Assigned task:
Look through the entries below and copy exactly the part that begins with the line containing "Eine wunderschöne Perlenkette" and ends with the line containing "Das Modell ist mit passenden". Do not copy the pictures.

___ Data shown

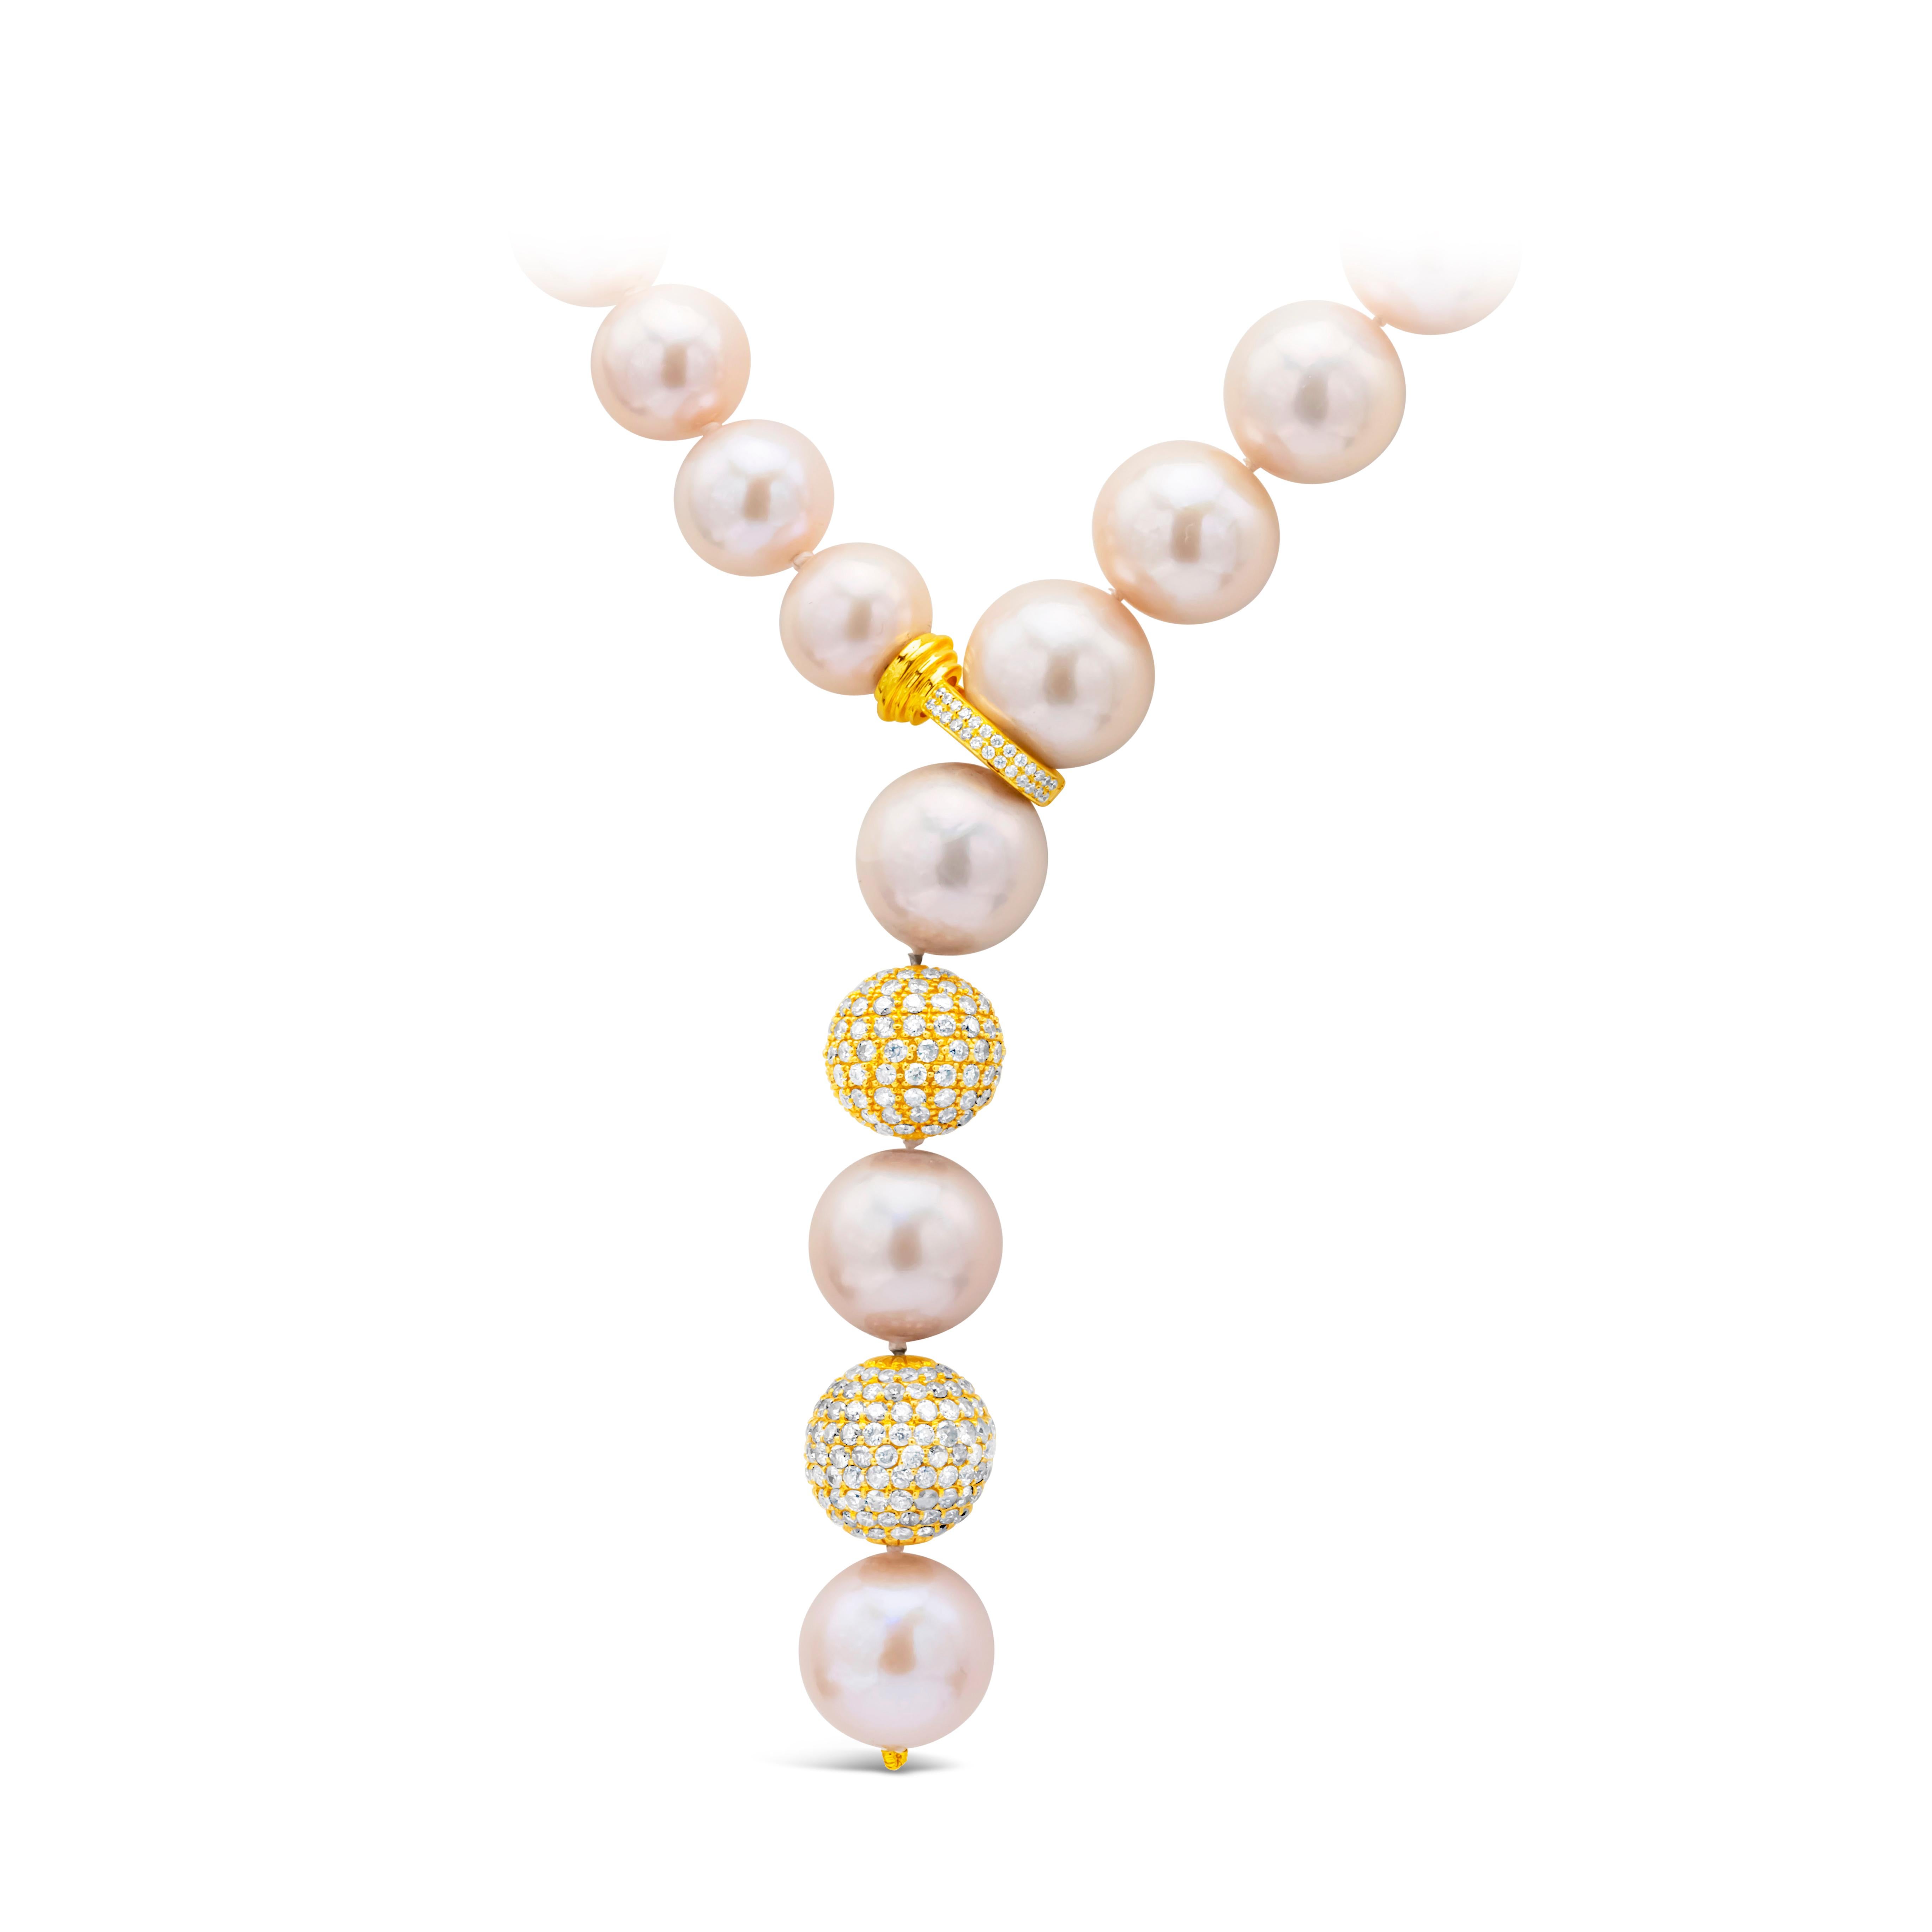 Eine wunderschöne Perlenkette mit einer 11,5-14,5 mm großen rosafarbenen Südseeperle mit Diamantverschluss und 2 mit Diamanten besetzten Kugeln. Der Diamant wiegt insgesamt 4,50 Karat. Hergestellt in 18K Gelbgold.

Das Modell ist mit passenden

______
___ Data shown

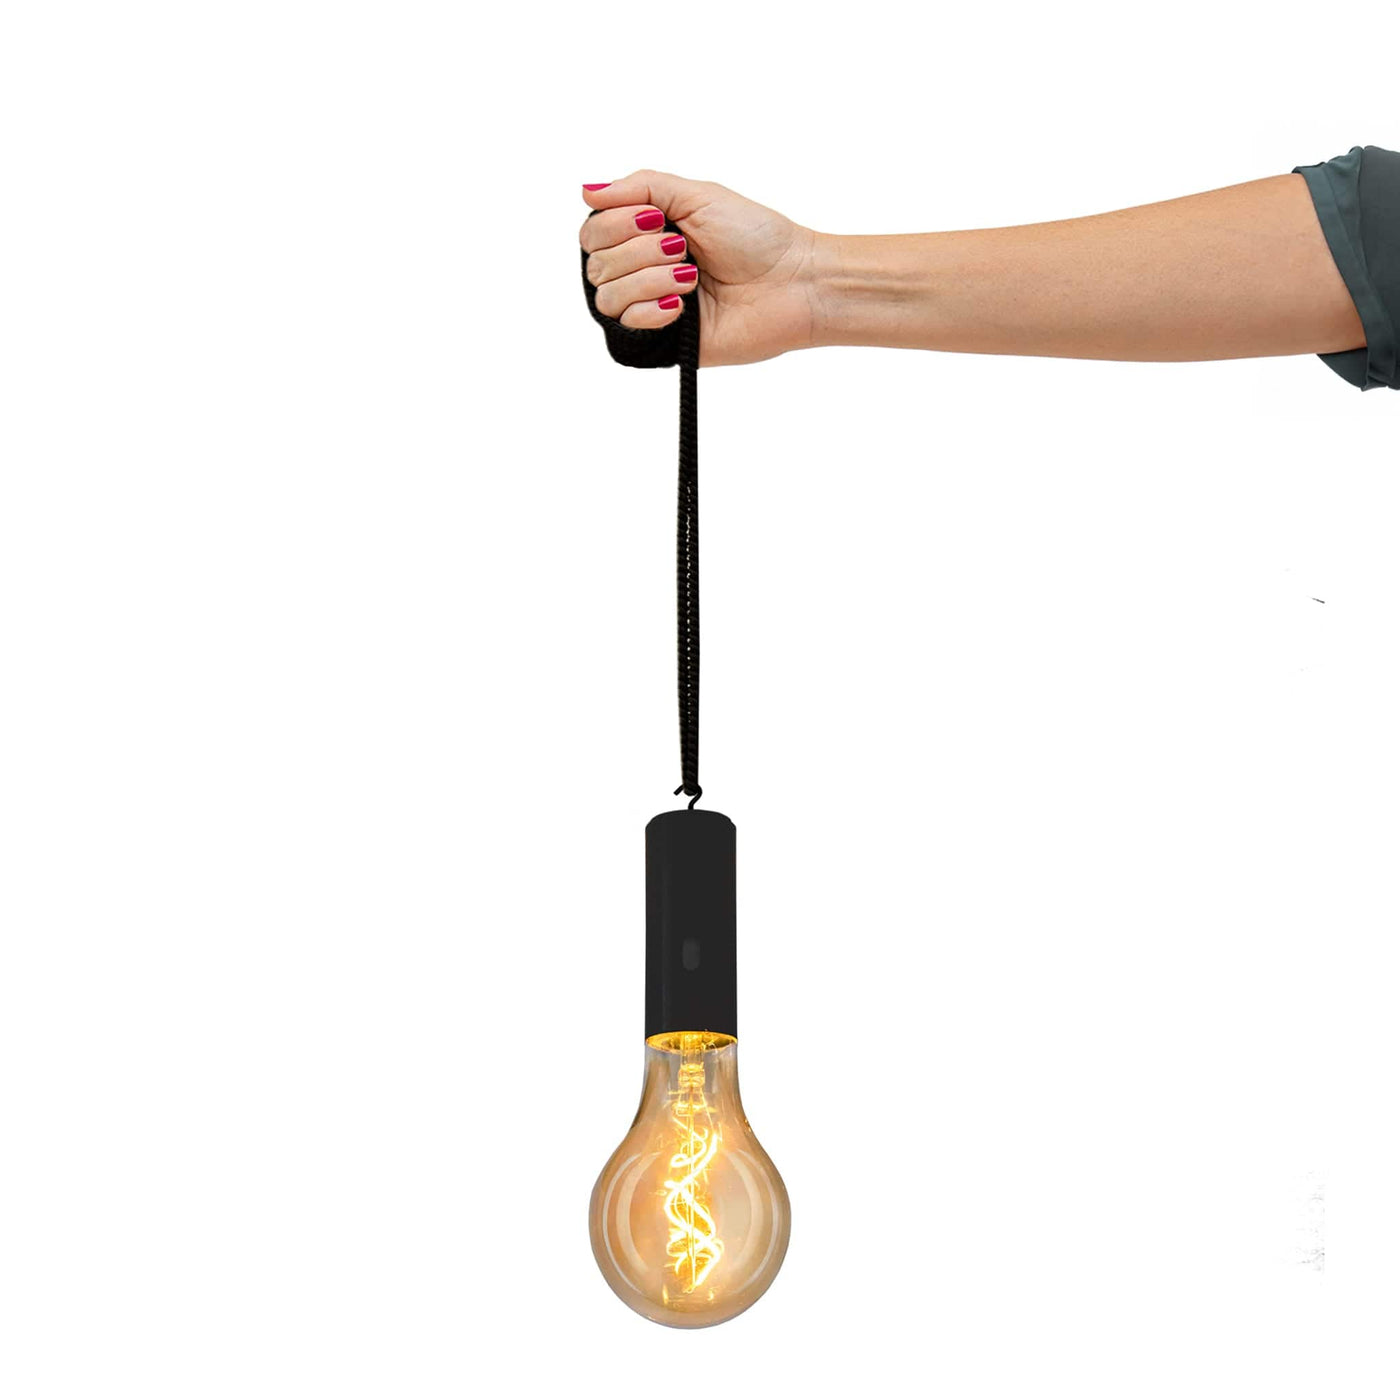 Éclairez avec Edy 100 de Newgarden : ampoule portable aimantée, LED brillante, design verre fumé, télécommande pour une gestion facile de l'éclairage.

______

Problem solution:
 Eine wunderschöne Perlenkette mit einer 11,5-14,5 mm großen rosafarbenen Südseeperle mit Diamantverschluss und 2 mit Diamanten besetzten Kugeln. Der Diamant wiegt insgesamt 4,50 Karat. Hergestellt in 18K Gelbgold.

Das Modell ist mit passenden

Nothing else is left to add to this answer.